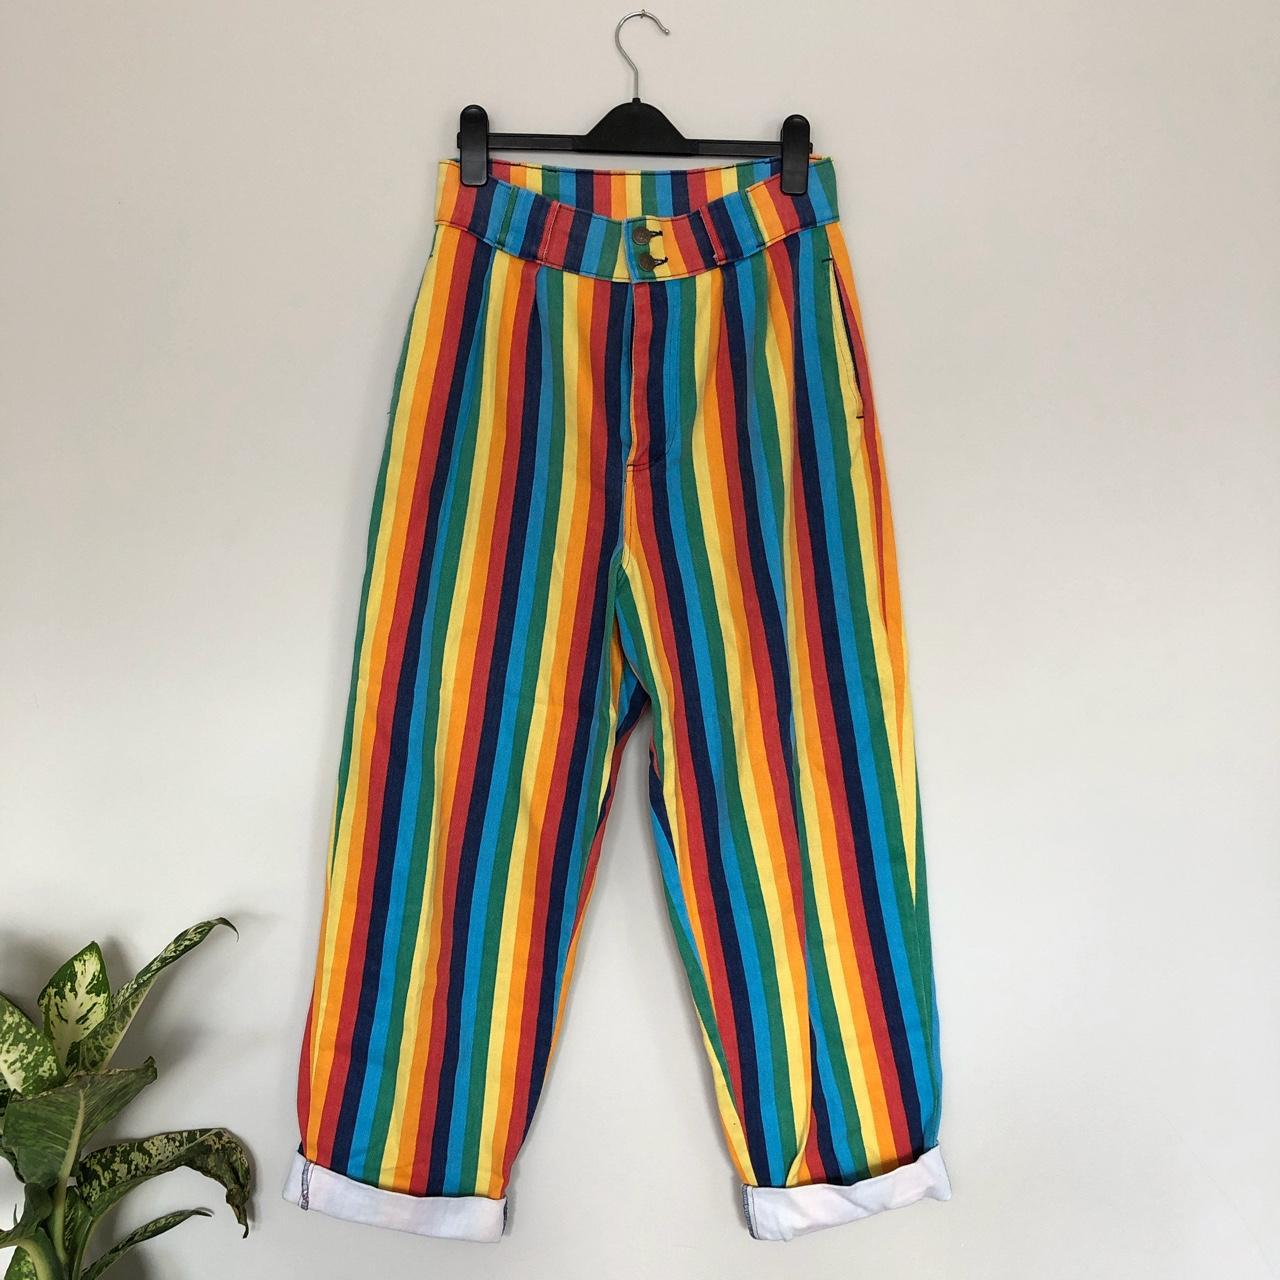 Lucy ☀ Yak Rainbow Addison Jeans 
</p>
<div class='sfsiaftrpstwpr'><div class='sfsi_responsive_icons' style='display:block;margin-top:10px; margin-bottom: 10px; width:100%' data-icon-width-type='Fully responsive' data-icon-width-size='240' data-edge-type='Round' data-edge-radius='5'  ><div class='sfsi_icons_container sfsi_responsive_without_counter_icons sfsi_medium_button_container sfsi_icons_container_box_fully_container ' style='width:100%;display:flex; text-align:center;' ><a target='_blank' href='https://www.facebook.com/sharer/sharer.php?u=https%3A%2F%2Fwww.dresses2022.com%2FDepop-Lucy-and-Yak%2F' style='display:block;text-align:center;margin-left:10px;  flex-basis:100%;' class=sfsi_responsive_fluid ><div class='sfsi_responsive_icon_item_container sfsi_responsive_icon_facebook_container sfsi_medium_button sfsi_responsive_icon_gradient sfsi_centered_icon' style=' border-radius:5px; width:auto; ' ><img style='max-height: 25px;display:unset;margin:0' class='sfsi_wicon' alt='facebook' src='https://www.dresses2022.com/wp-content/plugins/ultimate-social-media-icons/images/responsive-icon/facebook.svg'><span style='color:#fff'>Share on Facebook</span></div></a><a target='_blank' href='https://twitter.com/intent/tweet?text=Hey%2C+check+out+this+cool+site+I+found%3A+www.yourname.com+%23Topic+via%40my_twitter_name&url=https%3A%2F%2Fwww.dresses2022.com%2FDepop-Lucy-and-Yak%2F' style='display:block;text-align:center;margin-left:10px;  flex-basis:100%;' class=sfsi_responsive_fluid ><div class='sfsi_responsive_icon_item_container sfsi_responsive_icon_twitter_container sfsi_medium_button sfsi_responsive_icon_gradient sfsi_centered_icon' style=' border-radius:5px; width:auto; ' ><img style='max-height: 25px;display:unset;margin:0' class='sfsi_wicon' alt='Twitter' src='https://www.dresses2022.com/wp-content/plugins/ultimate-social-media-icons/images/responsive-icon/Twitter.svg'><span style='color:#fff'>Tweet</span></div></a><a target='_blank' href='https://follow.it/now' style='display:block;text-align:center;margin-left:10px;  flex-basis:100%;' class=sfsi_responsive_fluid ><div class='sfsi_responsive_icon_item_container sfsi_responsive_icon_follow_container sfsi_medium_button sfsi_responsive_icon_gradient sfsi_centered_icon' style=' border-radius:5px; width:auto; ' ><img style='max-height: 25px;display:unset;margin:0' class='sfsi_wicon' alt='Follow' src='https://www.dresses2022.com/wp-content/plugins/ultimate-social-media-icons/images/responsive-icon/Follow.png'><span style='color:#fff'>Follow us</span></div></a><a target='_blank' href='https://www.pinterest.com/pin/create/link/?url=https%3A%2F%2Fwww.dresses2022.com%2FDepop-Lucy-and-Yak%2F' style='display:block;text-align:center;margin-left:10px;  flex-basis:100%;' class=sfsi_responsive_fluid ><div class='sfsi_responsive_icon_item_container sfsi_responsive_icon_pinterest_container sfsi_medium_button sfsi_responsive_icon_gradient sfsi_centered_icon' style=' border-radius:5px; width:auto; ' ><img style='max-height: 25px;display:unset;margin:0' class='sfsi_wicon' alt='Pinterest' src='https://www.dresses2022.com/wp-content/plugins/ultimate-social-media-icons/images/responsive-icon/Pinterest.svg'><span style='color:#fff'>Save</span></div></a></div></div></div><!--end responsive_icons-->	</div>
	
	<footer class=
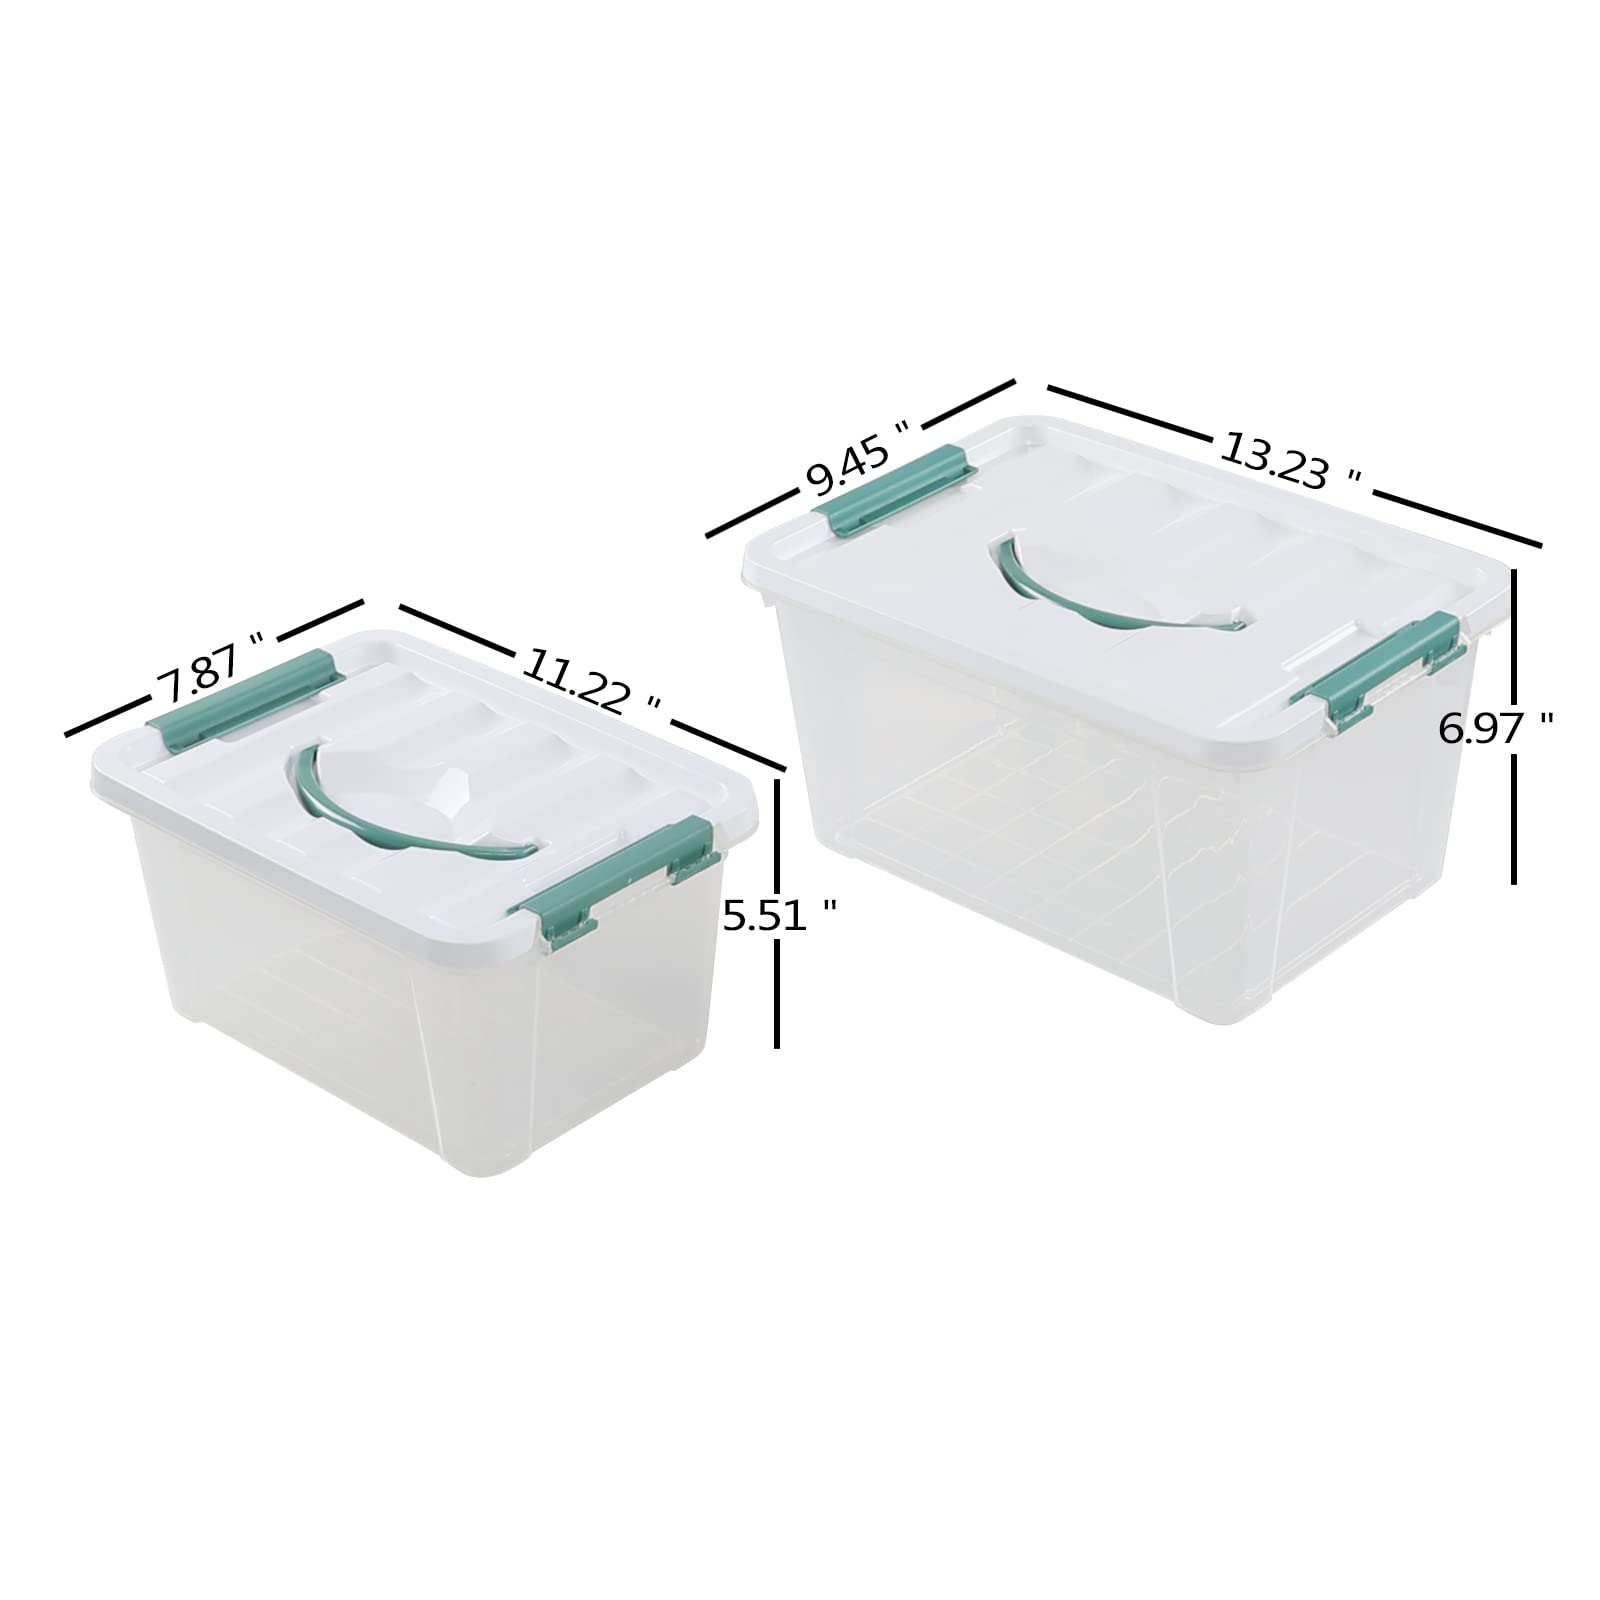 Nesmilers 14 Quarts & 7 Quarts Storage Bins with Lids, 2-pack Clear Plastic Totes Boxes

——————————

THE TASK: Copy all the records above exactly, but leave out the pictures.

WRITTEN SOLUTION:
 Lucy ☀ Yak Rainbow Addison Jeans 
</p>
<div class='sfsiaftrpstwpr'><div class='sfsi_responsive_icons' style='display:block;margin-top:10px; margin-bottom: 10px; width:100%' data-icon-width-type='Fully responsive' data-icon-width-size='240' data-edge-type='Round' data-edge-radius='5'  ><div class='sfsi_icons_container sfsi_responsive_without_counter_icons sfsi_medium_button_container sfsi_icons_container_box_fully_container ' style='width:100%;display:flex; text-align:center;' ><a target='_blank' href='https://www.facebook.com/sharer/sharer.php?u=https%3A%2F%2Fwww.dresses2022.com%2FDepop-Lucy-and-Yak%2F' style='display:block;text-align:center;margin-left:10px;  flex-basis:100%;' class=sfsi_responsive_fluid ><div class='sfsi_responsive_icon_item_container sfsi_responsive_icon_facebook_container sfsi_medium_button sfsi_responsive_icon_gradient sfsi_centered_icon' style=' border-radius:5px; width:auto; ' ><img style='max-height: 25px;display:unset;margin:0' class='sfsi_wicon' alt='facebook' src='https://www.dresses2022.com/wp-content/plugins/ultimate-social-media-icons/images/responsive-icon/facebook.svg'><span style='color:#fff'>Share on Facebook</span></div></a><a target='_blank' href='https://twitter.com/intent/tweet?text=Hey%2C+check+out+this+cool+site+I+found%3A+www.yourname.com+%23Topic+via%40my_twitter_name&url=https%3A%2F%2Fwww.dresses2022.com%2FDepop-Lucy-and-Yak%2F' style='display:block;text-align:center;margin-left:10px;  flex-basis:100%;' class=sfsi_responsive_fluid ><div class='sfsi_responsive_icon_item_container sfsi_responsive_icon_twitter_container sfsi_medium_button sfsi_responsive_icon_gradient sfsi_centered_icon' style=' border-radius:5px; width:auto; ' ><img style='max-height: 25px;display:unset;margin:0' class='sfsi_wicon' alt='Twitter' src='https://www.dresses2022.com/wp-content/plugins/ultimate-social-media-icons/images/responsive-icon/Twitter.svg'><span style='color:#fff'>Tweet</span></div></a><a target='_blank' href='https://follow.it/now' style='display:block;text-align:center;margin-left:10px;  flex-basis:100%;' class=sfsi_responsive_fluid ><div class='sfsi_responsive_icon_item_container sfsi_responsive_icon_follow_container sfsi_medium_button sfsi_responsive_icon_gradient sfsi_centered_icon' style=' border-radius:5px; width:auto; ' ><img style='max-height: 25px;display:unset;margin:0' class='sfsi_wicon' alt='Follow' src='https://www.dresses2022.com/wp-content/plugins/ultimate-social-media-icons/images/responsive-icon/Follow.png'><span style='color:#fff'>Follow us</span></div></a><a target='_blank' href='https://www.pinterest.com/pin/create/link/?url=https%3A%2F%2Fwww.dresses2022.com%2FDepop-Lucy-and-Yak%2F' style='display:block;text-align:center;margin-left:10px;  flex-basis:100%;' class=sfsi_responsive_fluid ><div class='sfsi_responsive_icon_item_container sfsi_responsive_icon_pinterest_container sfsi_medium_button sfsi_responsive_icon_gradient sfsi_centered_icon' style=' border-radius:5px; width:auto; ' ><img style='max-height: 25px;display:unset;margin:0' class='sfsi_wicon' alt='Pinterest' src='https://www.dresses2022.com/wp-content/plugins/ultimate-social-media-icons/images/responsive-icon/Pinterest.svg'><span style='color:#fff'>Save</span></div></a></div></div></div><!--end responsive_icons-->	</div>
	
	<footer class=
 Nesmilers 14 Quarts & 7 Quarts Storage Bins with Lids, 2-pack Clear Plastic Totes Boxes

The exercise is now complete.